Wallaces accounts of his growing up make it clear that a dichotomy developed early in his consciousness between the proud, tough, intolerant rugged individualism represented by his father and the friendly, tolerant, neighborly tendencies toward caring and cooperation represented by his mother. And as we can see throughout his writing, Wallaces sympathies lay with his mother and the values she represented. Although like her husband his mother never went beyond the eighth grade in school, she loved books and passed on a love of reading to her son.
Together his parents would seem to have been the archetypal western couple. In later years, as a writer, Wallace saw them as representing the exploiter, on the one hand, and the civilizer on the other.

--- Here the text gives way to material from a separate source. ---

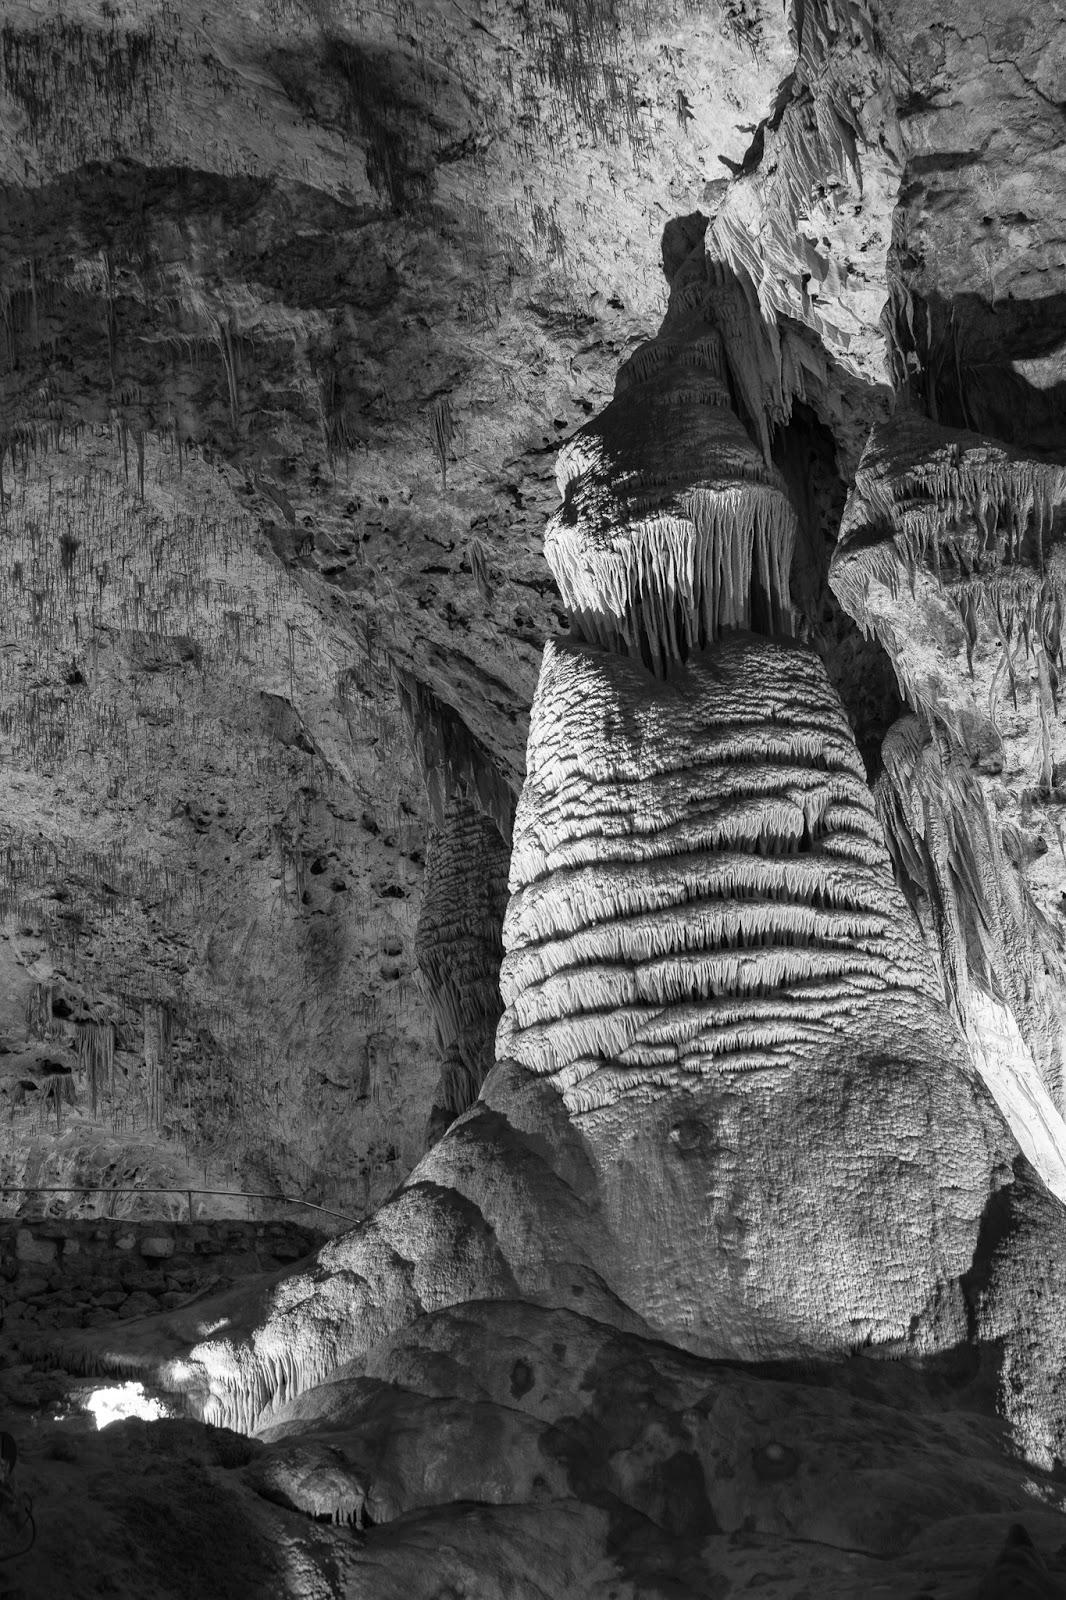 Rock of Ages, Big Room, Carlsbad Caverns

Although they are quite different in character and background, we can see Oliver and Susan Ward in their roles in
Angle of Repose as dim reflections of Stegners parents. (Certainly Wallaces deep love and respect for his mother contributed to his ability to create such complex and sympathetic women characters as Susan Burling Ward.) When asked by an interviewer if the life of Mary Hallock Foote, the model for the heroine of
Angle of Repose, had reminded him of the life of Elsa Mason, the mother in the semiautobiographical
The Big Rock Candy Mountain, Stegner said,
Not consciously. It never occurred to me that there was any relation between Angle of Repose and Big Rock Candy Mountain till after I had finished writing it. Then I saw that there were all kinds of connections. There was the wandering husband and the nesting woman, and the whole business reproduced in many ways in somewhat more cultivated terms and in different places what The Big Rock Candy Mountain was about. Its perfectly clear that if every writer is born to write one story, thats my story.
Two periods in his growing up had a major influence on forming his outlook and interests. The first was his six years in childhood spent in the village of Eastend and every summer on the homestead farm in Saskatchewan near the Montana border. After the first year, his older brother, Cecil, got a summer job at the grocery store in town, and so Wallace was alone with his parents, out on the hot prairie, living in a tarpaper shack. It was a place with searing wind, scorching sky, tormented and heat-warped light, and not a tree. Yet, amazingly enough considering such a barren and hostile environment, he could still look back on a childhood not of suffering and boredom, but of wild freedom, a closeness to earth and weather, a familiarity with both tame and wild animals. His summers on the homestead and winters in the frontier village during his most impressionable years marked him, as he has said, a westerner for life. And they would eventually produce a writer determined to represent the western experience as it really was, and the relationship of its people to the land as it was, is, and should be.